The jobless rate fell to 4.9 per cent from a revised 5 per cent three months earlier, Statistics New Zealand said in Wellington Wednesday. That's the lowest since the fourth quarter of 2008 and compares with the median analyst forecast of 5.1 per cent in a Bloomberg survey.
Employment increased 1.4 per cent from the second quarter, almost three times the 0.5 per cent gain economists expected.
A tightening New Zealand labour market could help Reserve Bank Governor Graeme Wheeler to lift inflation back to the middle of his one to three per cent target band. Still, employers are able to fill positions without big wage increases because of record numbers of immigrants seeking work.
"For the Reserve Bank, today's labour market data is likely to have been a little stronger than expected," said Anne Boniface, senior economist at Westpac Banking Corp in Auckland.
"However, there will be lingering concerns about the lack of wage growth and the impact of this on the inflation outlook."
The New Zealand dollar jumped on the data. It bought 72.17 US cents at 11:18am in Wellington from about 71.85 US cents before the report.
Employment growth slowed from 2.4 per cent in the second quarter, when a new survey methodology was introduced that represented a break in the series. Statistics New Zealand today reiterated that caution should be used when interpreting changes from previous years.

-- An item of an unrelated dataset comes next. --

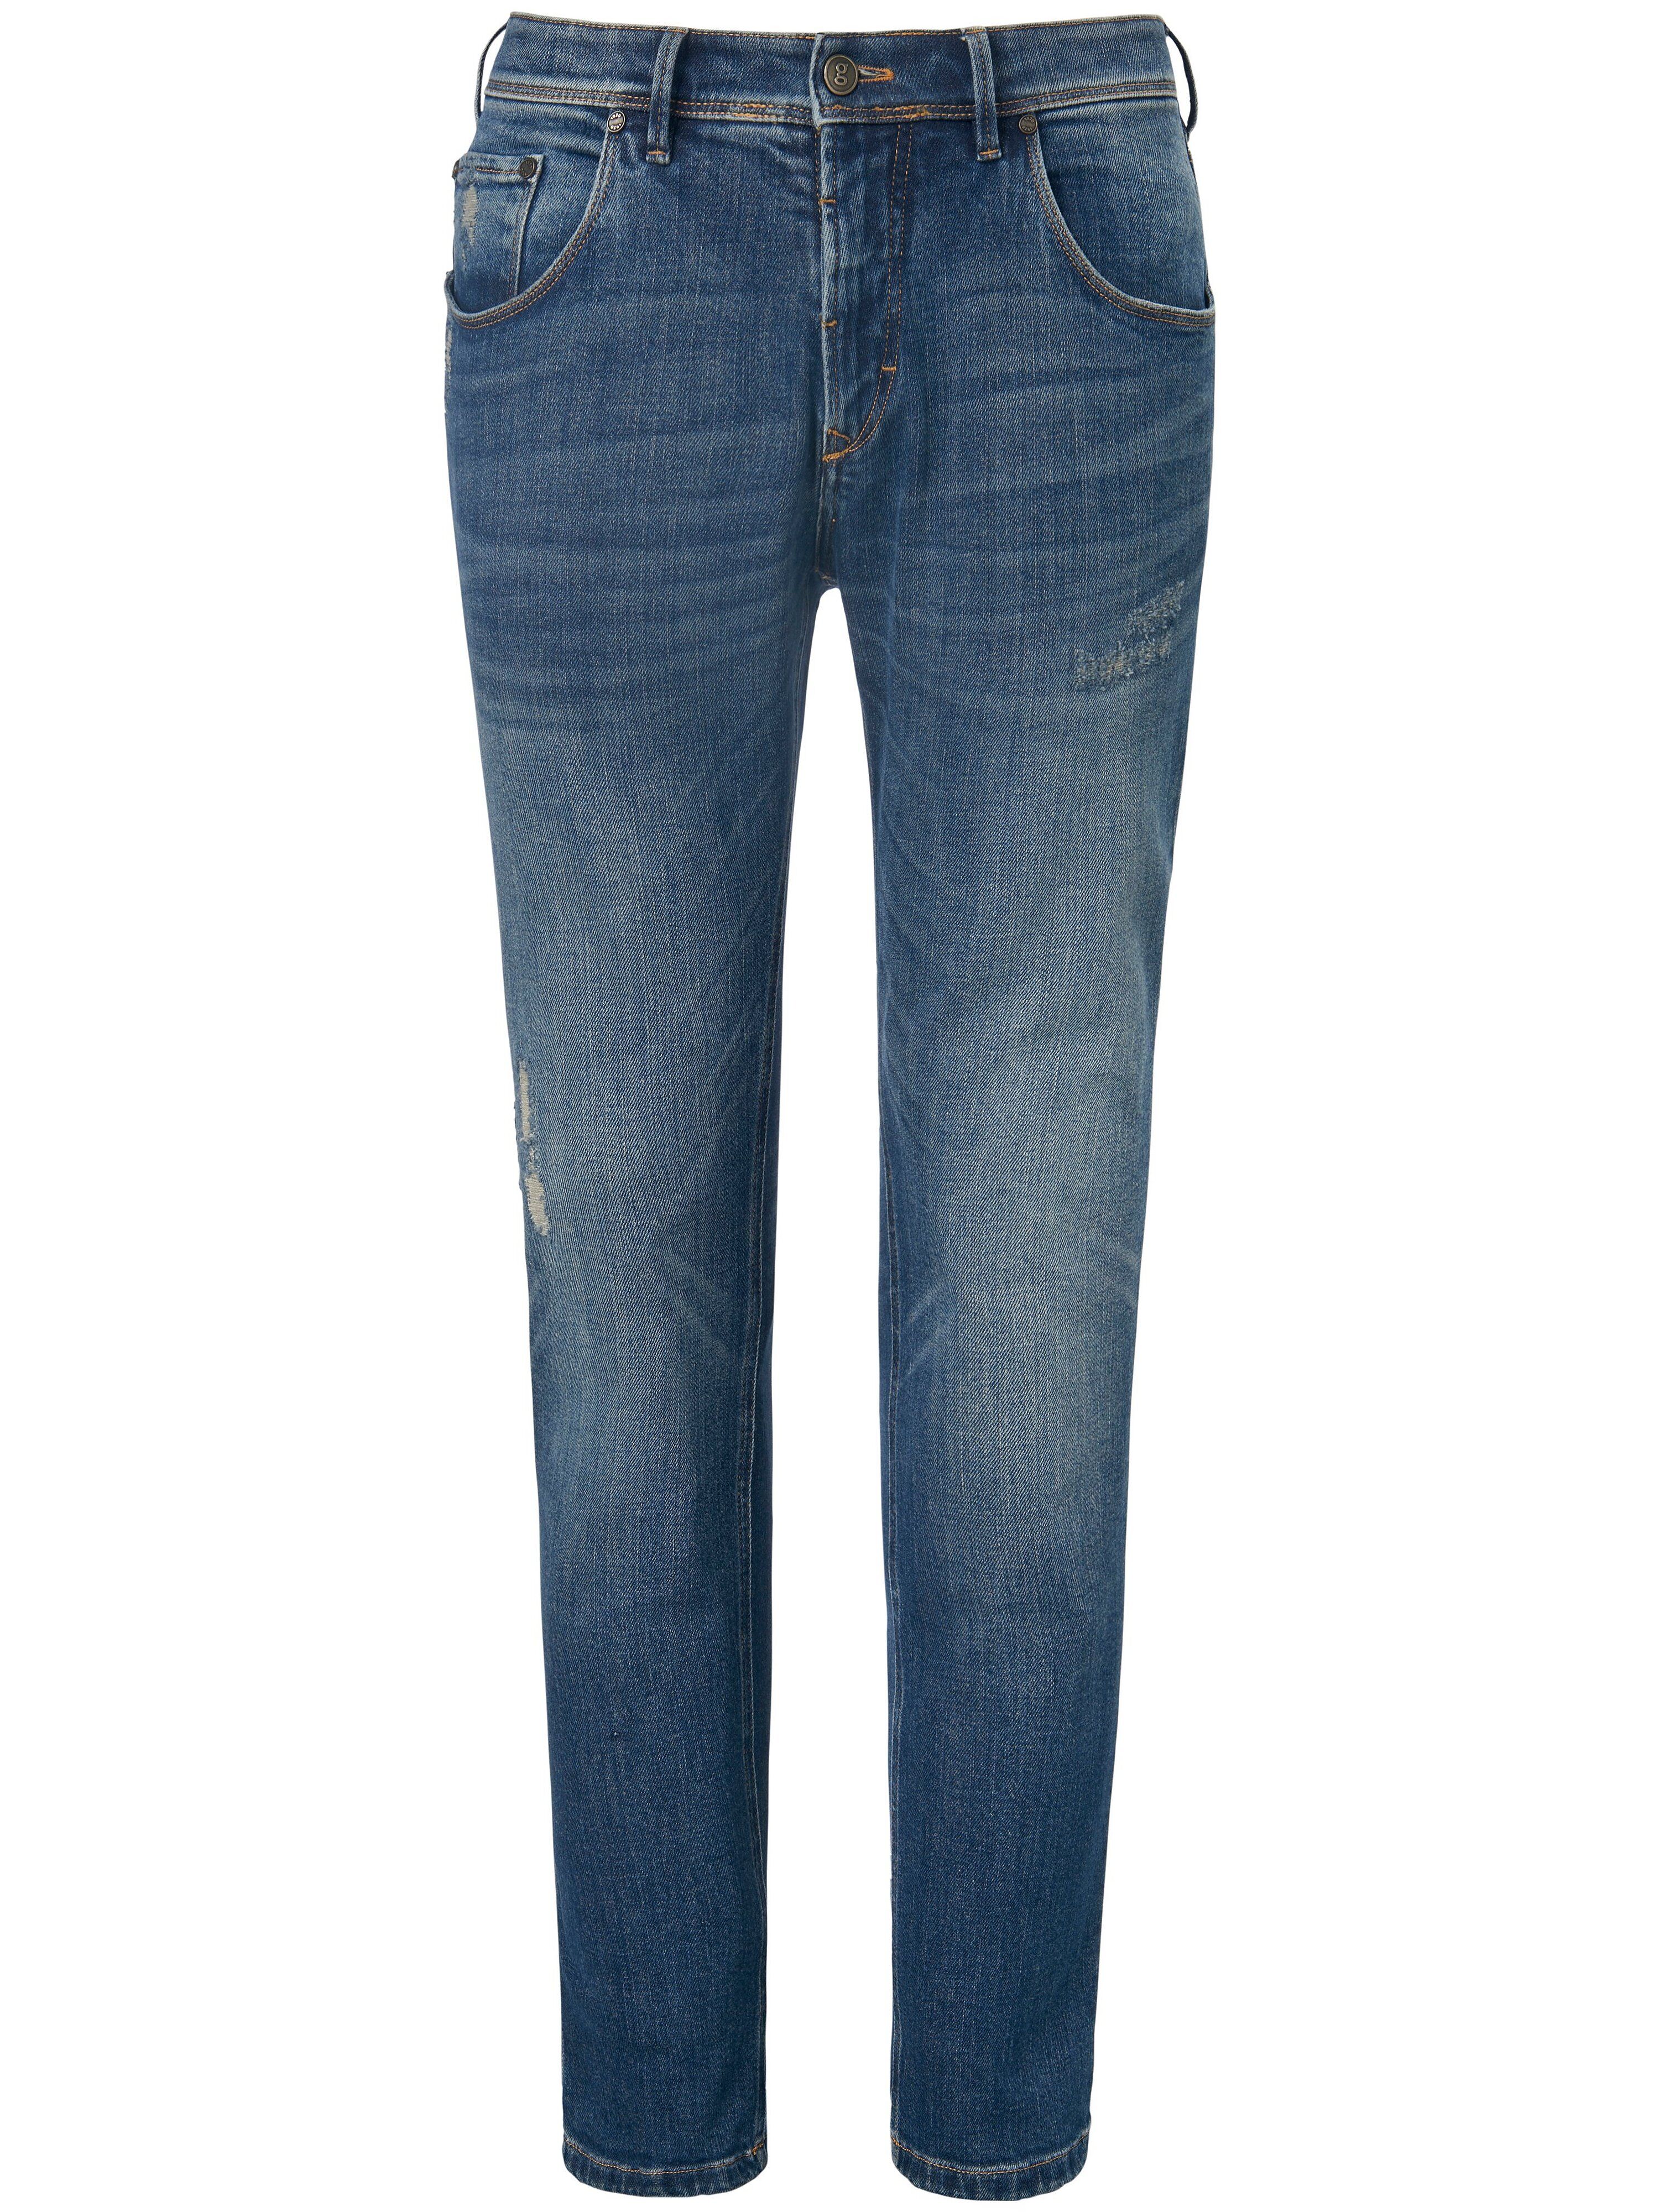 gardeur Jeans Modell Saxton, Inch 30 g1920 denim Herren 32

The RBNZ has cut interest rates to a record low in an attempt to boost inflation, which has been below one per cent for two years and was 0.2 per cent in the third quarter. Mr Wheeler is expected to lower the official cash rate to 1.75 per cent on Nov 10, according to all 17 economists surveyed by Bloomberg. Investors now see only a 20 per cent chance of Mr Wheeler cutting rates again next year, down from 36 per cent a month ago.
The central bank in August estimated the jobless rate would fall to 4.8 per cent by the first quarter of 2017 and 4.4 per cent a year later.
Assistant Governor John McDermott last month said strong net immigration and increased labour market participation had boosted the supply potential of the economy, meaning that New Zealand has been able to grow at a robust pace without generating significant inflation.
The economy expanded 3.6 per cent in the year through June, among the fastest rates of growth in the developed world.